Ich sah ihn mit leichtem Entsetzen an. Es ist ziemlich unheimlich, um zwei Uhr morgens geweckt zu werden und dann einer solchen Geschichte zu lauschen. Mein Blick wanderte zu seinen rastlosen Fingern. Sie waren blutig, ich konnte unzählige kleine Schnittwunden erkennen. Sein Blick folgte meinem.

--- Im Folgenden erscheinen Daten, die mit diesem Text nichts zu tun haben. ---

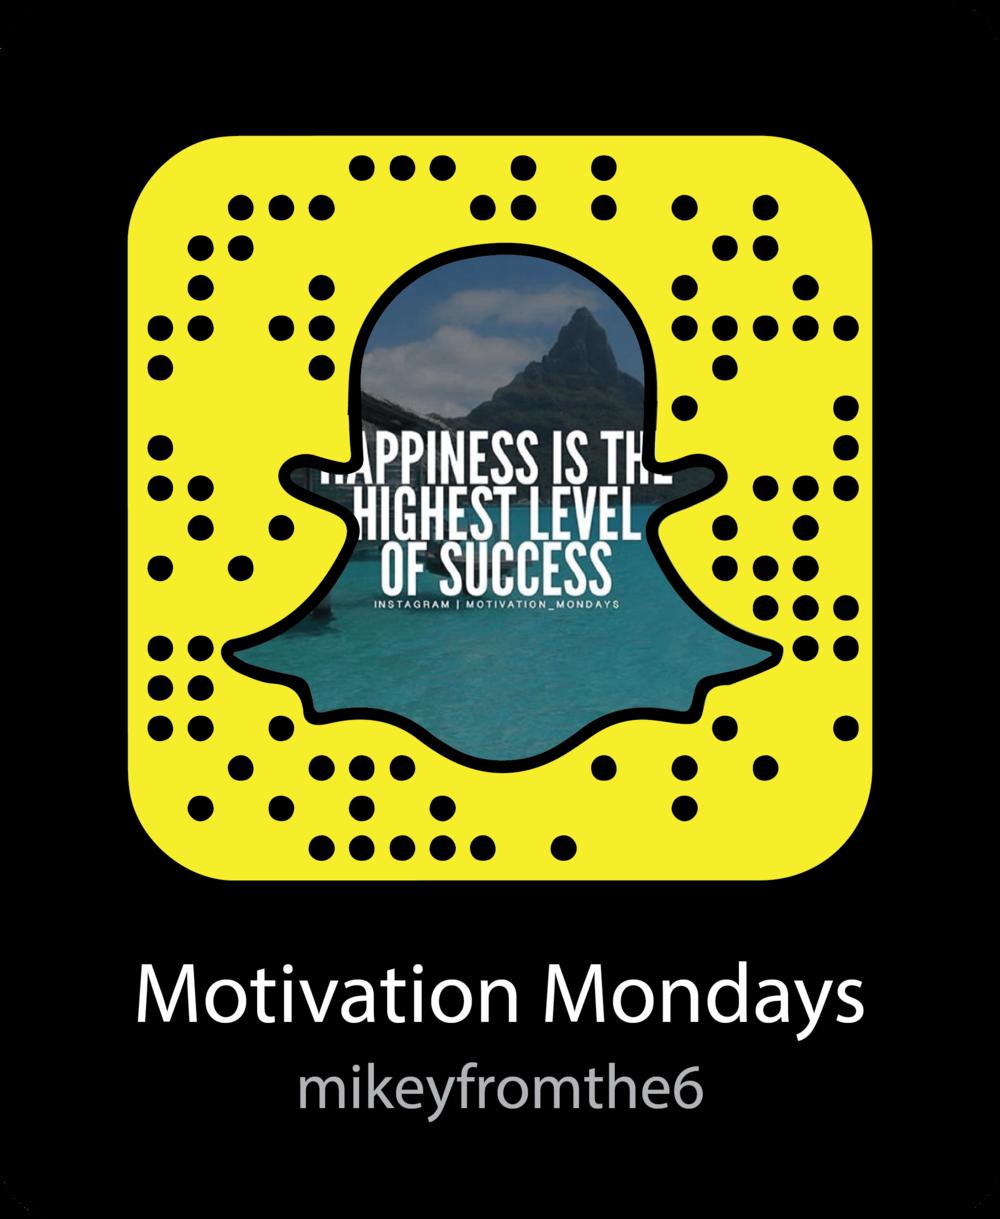 motivation-mondays-storytellers-snapchat-snapcode.png

»Weil ich hin und wieder anhalten und mich für einen Augenblick ausruhen musste, habe ich mir mein Taschenmesser abwechselnd unter die linke oder rechte Hand gebunden, sodass sich meine Hände jedes Mal, wenn ich gegen meinen Willen einzuschlafen drohte und sie sich entspannten, an der Klinge schnitten und dadurch meine betäubten Sinne wieder weckten.«
»Um Himmels willen, Murken, sag mir endlich, wovon du die ganze Zeit sprichst! Wirst du von einem deiner Verbrechen verfolgt und hast jetzt Angst, dass man dich im Schlaf umbringt? Was ist los?«
Er sank auf einen Stuhl nieder. Im Augenblick schien er relativ wach zu sein, auch wenn seine Lider so schwer über seinen Augen hingen, als stehe er kurz vor der völligen nervlichen Erschöpfung.

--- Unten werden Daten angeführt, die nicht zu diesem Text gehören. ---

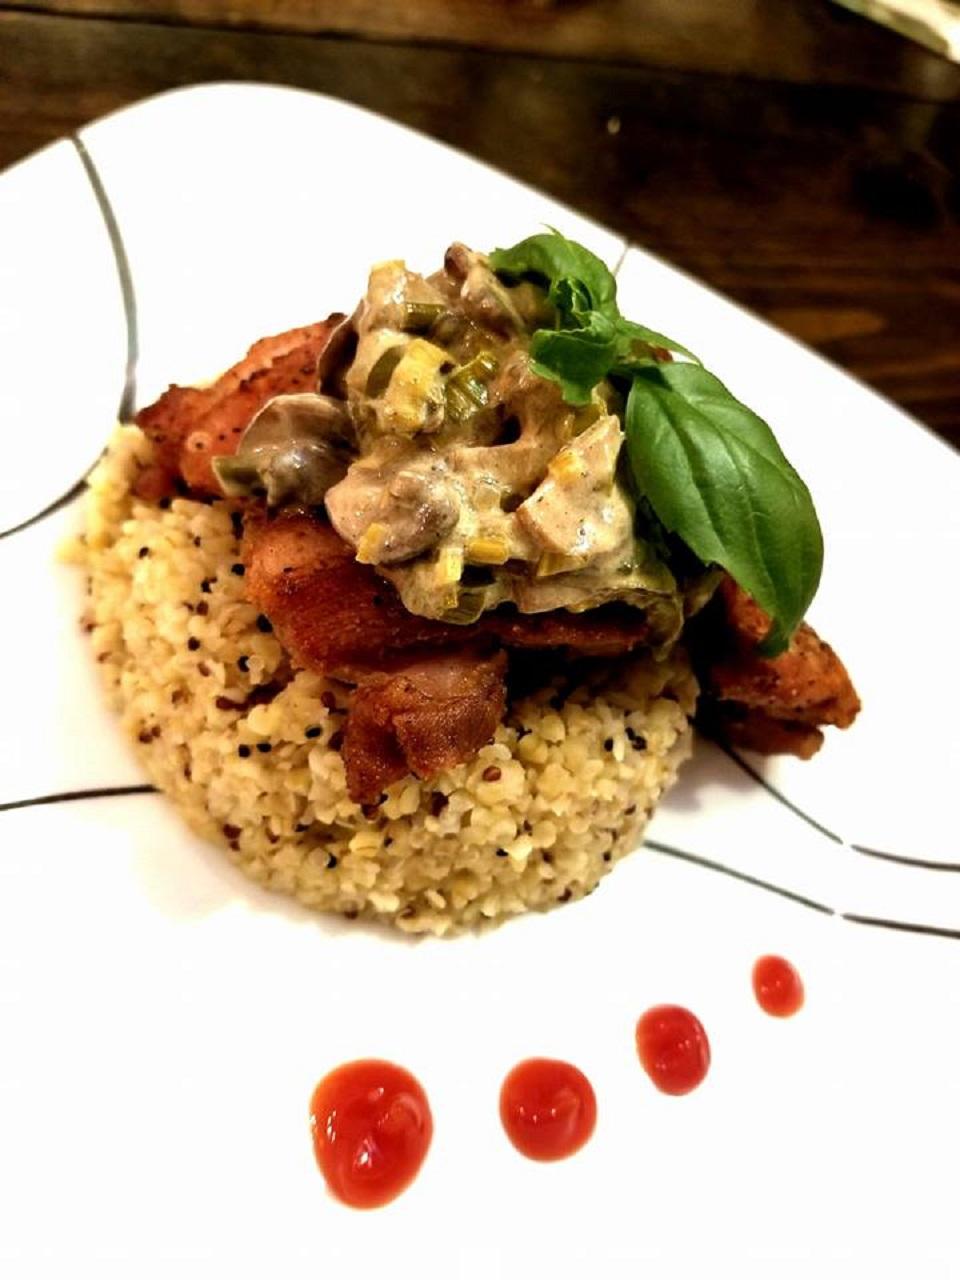 Chicken Thighs with Mushroom-Leek Sauce

»Ich werde dir die ganze Geschichte erzählen, und wenn sie wie das Gefasel eines Irren klingen sollte, dann denke bitte daran, dass es Bereiche des Gehirns gibt, die noch gänzlich unerforscht sind, und dass schlichtweg alles möglich ist! Der Schwarze Kontinent! Und damit meine ich nicht Afrika, sondern das menschliche Gehirn!« Er lachte heftig und fuhr dann, wieder ruhiger, fort:
»Vor einigen Jahren bereiste ich eine Gegend Indiens, die nur selten von Weißen besucht wird. Weshalb ich dort war, hat mit meiner Geschichte nichts zu tun. Aber während meines Aufenthalts erfuhr ich von einem Schatz, den der berühmte Bandit Alam Singh angeblich einst in einer Höhle am Fuße der Berge versteckt hatte. Ein abtrünniger Hindu schwor, er habe seinerzeit der Bande des Gesetzlosen angehört und kenne die Höhle, in der dieser Schatz seit nunmehr zwanzig Jahren verborgen lag. Wie sich zeigte, hatte er nicht gelogen.